Segment Start: SUPPLIED MATERIAL
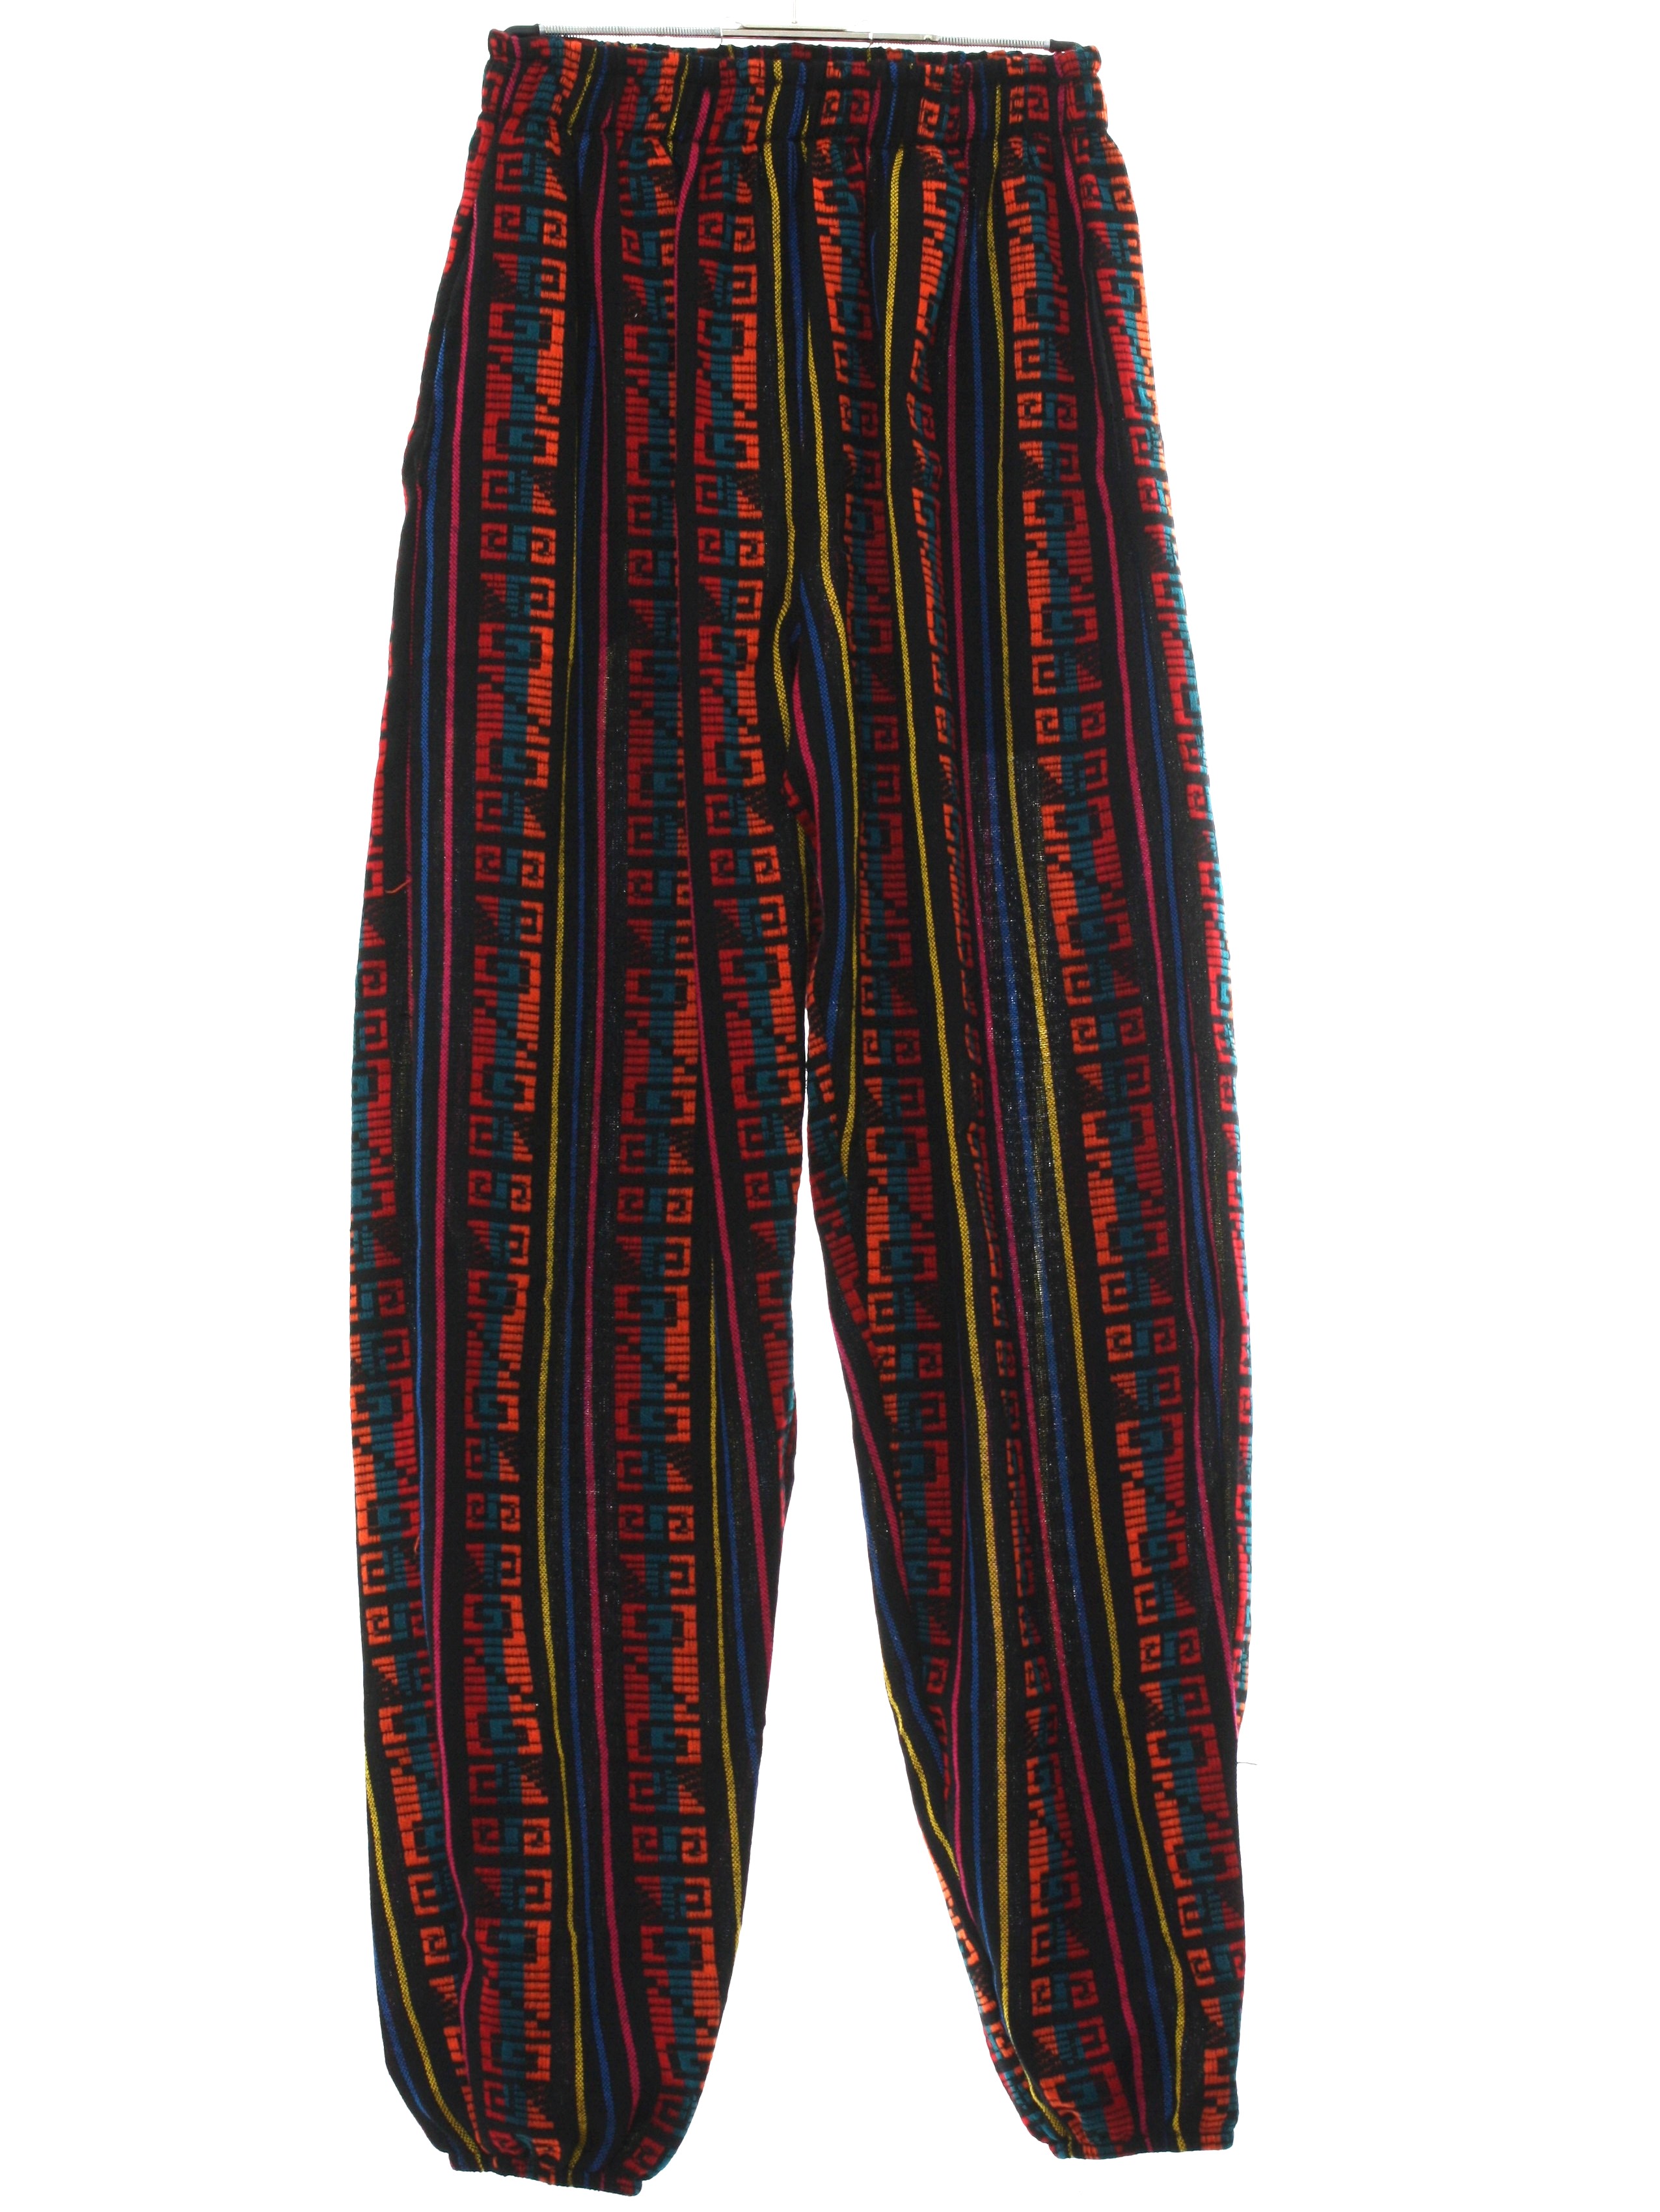 Retro Eighties Pants: 80s Style (made recently) -Home Sewn- Mens black ...
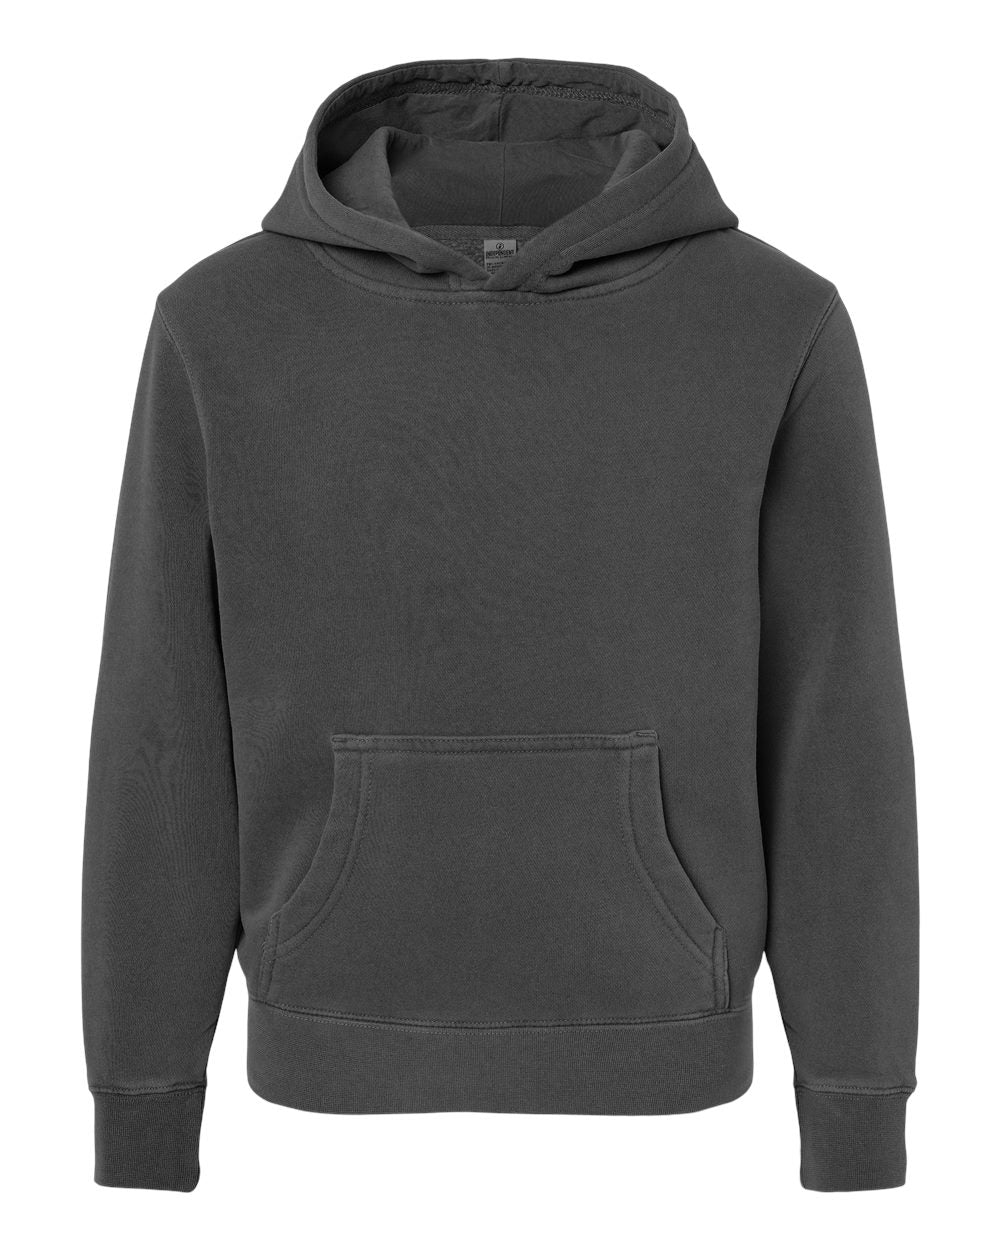 Midweight Pigment-Dyed Hooded Youth Sweatshirt - Independent Trading Co. PRM1500Y
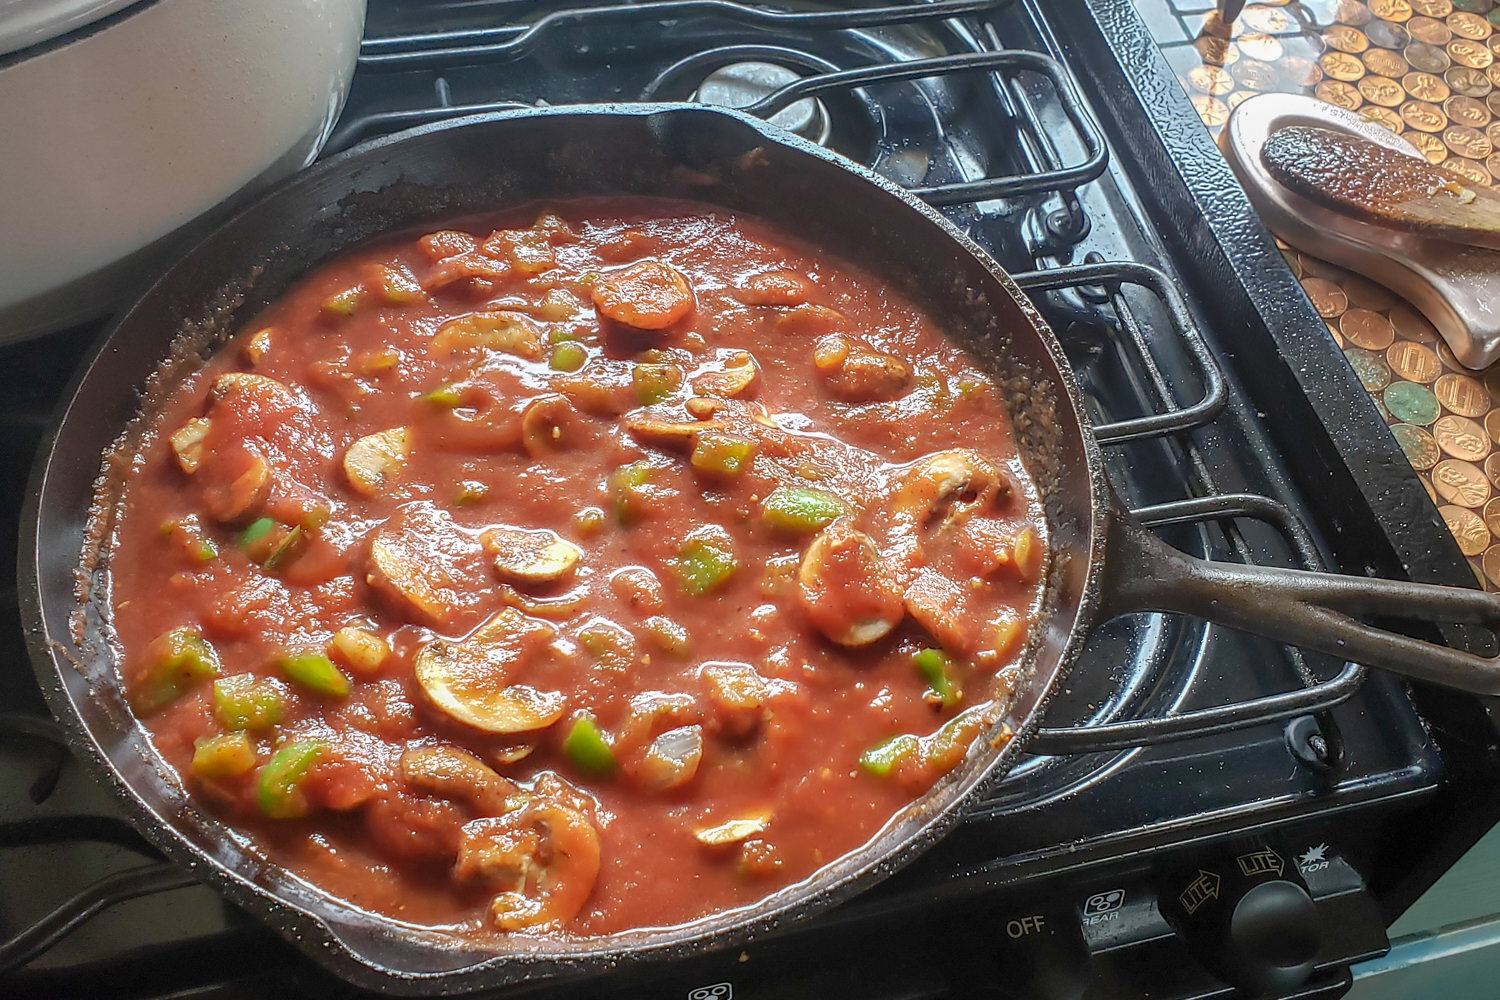 cooking spaghetti sauce at home
Segment End: SUPPLIED MATERIAL
> INSTRUCTIONS FOR THE TASK: Write out the data exactly, and exclude every picture it holds.

> EXERCISE RESPONSE:
 Retro Eighties Pants: 80s Style (made recently) -Home Sewn- Mens black ...
 Midweight Pigment-Dyed Hooded Youth Sweatshirt - Independent Trading Co. PRM1500Y
 cooking spaghetti sauce at home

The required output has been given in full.